The last time I communicated on the Team Create thread, I pleaded for a response that wasn’t damage control and was an actual response on the decisions behind all of this. Despite this seeming commitment to hold the developer community’s feedback at heart and the changes were rolled back (which is good), we are still in the dark about the long term decision-making and planning that went into why this feature was even considered at all. That is still something I want to know.
Given that this response says that the team is determined to engage us and keep us informed about the rationale behind decisions, a good place to start is the Team Create update right here and now on this thread. It received an incredible amount of backlash and genuine concerns not only for our workflow but for the platform’s health. Recognising the issue with the update is one thing, but I want Roblox to do more. Still tell us why that was attempted, what went into it, and what the team plans to do with that update. Somehow I don’t believe this is the end of that and it’s worrying. The dismissal of an update should not equal the dismissal for the need to discuss it.
The relationship between developers and the company has deteriorated terribly in the past few years and I want to know that we can have a lasting commitment on restoring what we once had together as Roblox, the platform and its developers. Words are feel-good for the short term but I don’t want to celebrate early only to get smacked in the back a few short months or years later. It’s just that bad now that I can’t share the same joy some of my fellow developers have about this response. It’s a first step but it’s just that; a first step. There’s nothing to say that Roblox won’t just stop at the first step now as they’ve done so many times in the past, promising some and being difficult more.

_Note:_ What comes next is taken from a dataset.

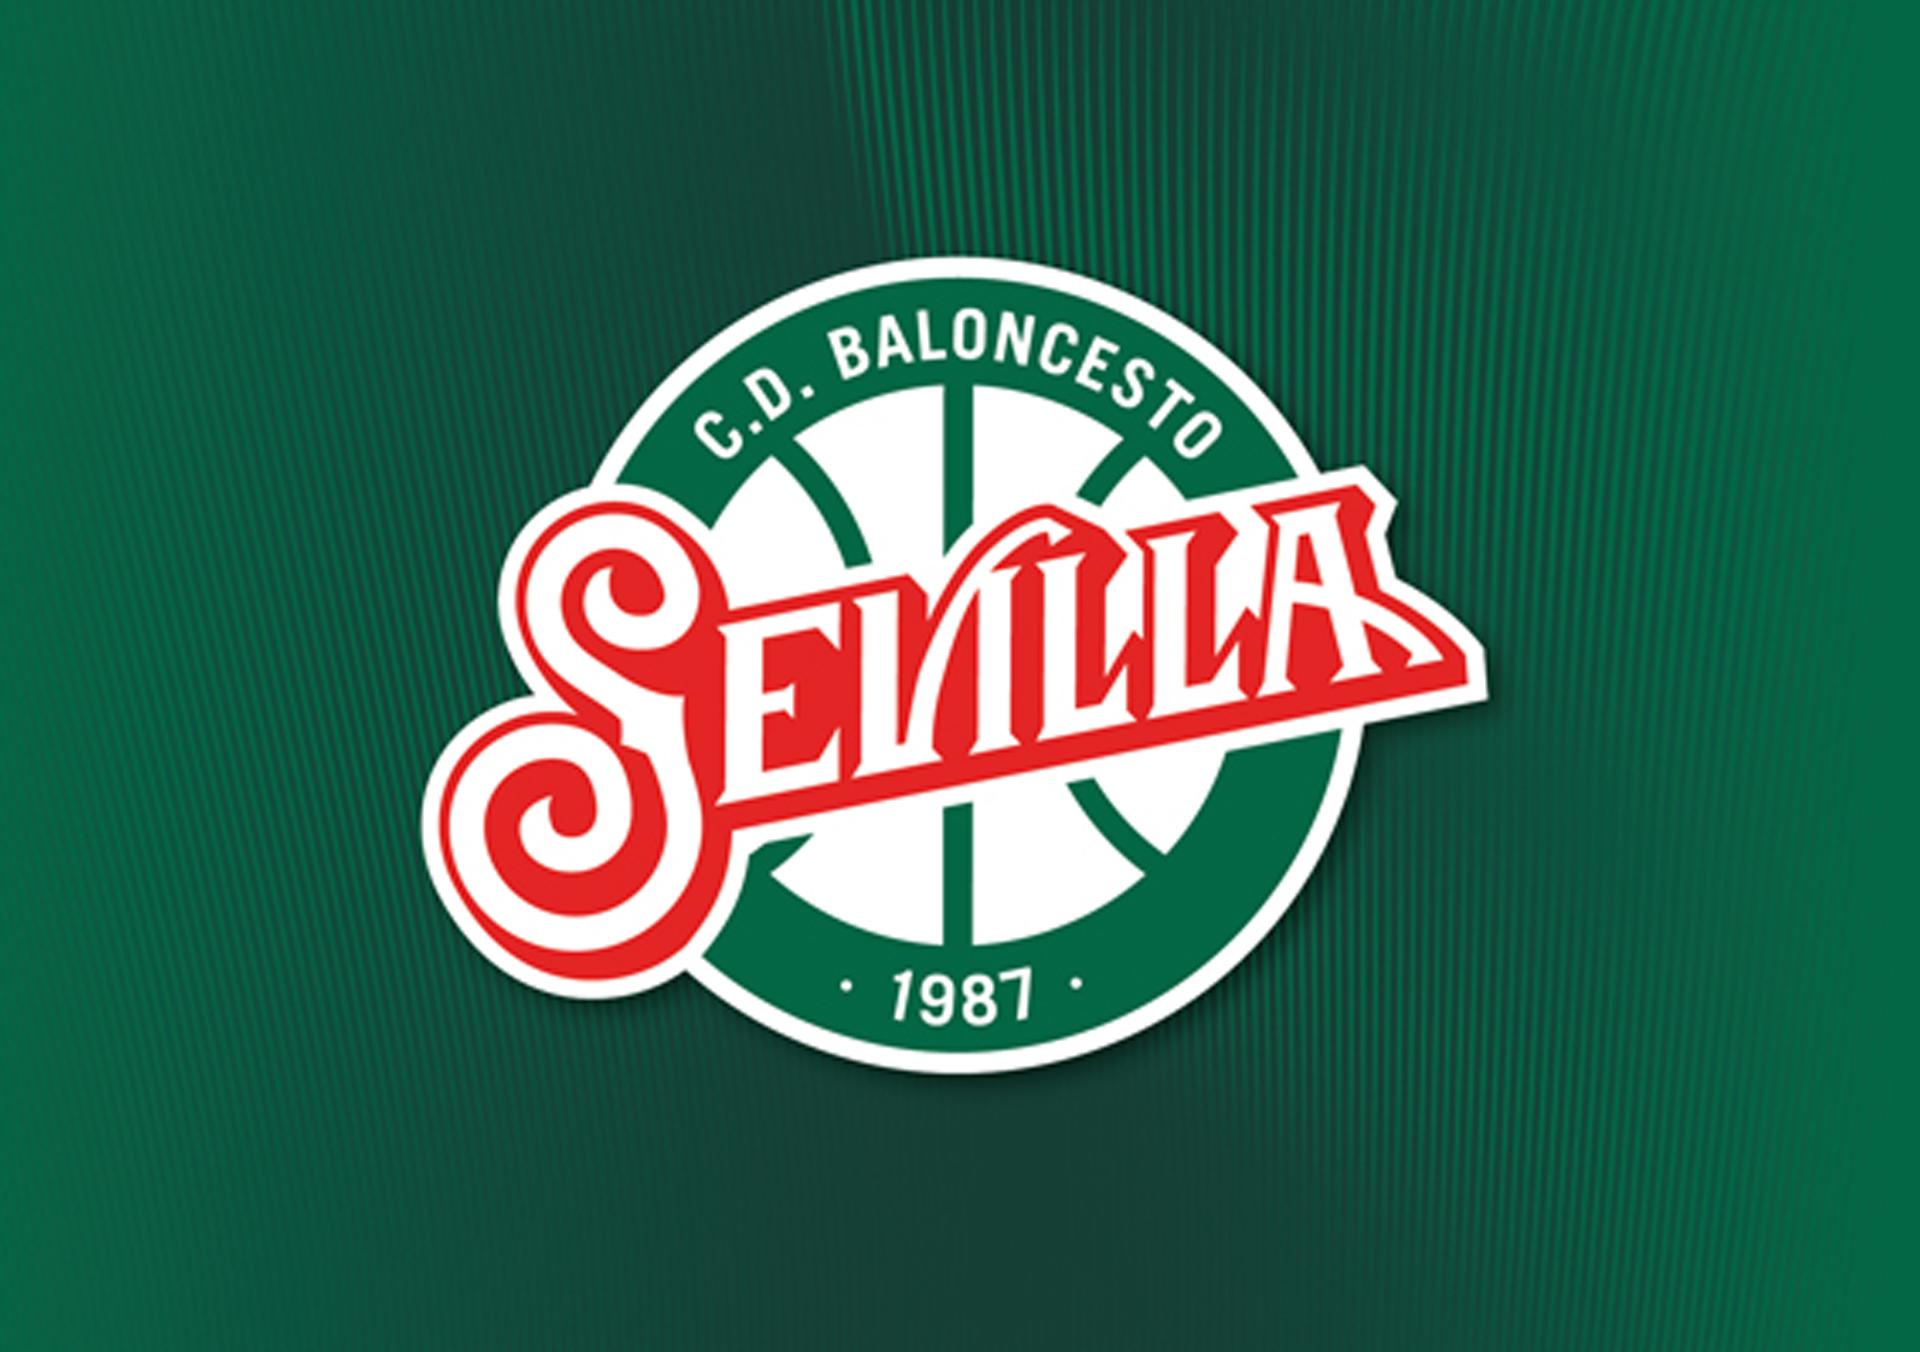 _Miniatura Sevilla Baloncesto Diseño logo nuevo Hotartworks Hota Abenza

It might be a bit harsh to expect so much out of new leadership but I want to know that there is going to be a genuine attempt to repair the symbiosis we have and that this won’t be enshrined again as yet another attempt at damage control before attempting to beat us down again. It hurts when Roblox does this to us in spite of what we do for them. I don’t want to have a transient feel-good post; I want a genuine, visible effort to restore the value of community feedback like so many years ago.
It should take less - or better, no - unified outrage from the community for the teams to recognise that there was a misstep. More needs to happen at the drawing board and less after the fact. My personal view is that I am willing to wait for a lot of features that I want and have them take longer to deliver as long as they are well thought out, productive and help us instead of making the platform more difficult to use or trust going forward. A strong product is more important to me than having a lot of features yet not being able to derive any joy out of developing on Roblox.
Please make sure to hold this commitment dearly this time instead of just saying this for the duration of our anger. The Team Create update is only a small portion of the prevalent issues between the company and the developer community. There is still more work to do.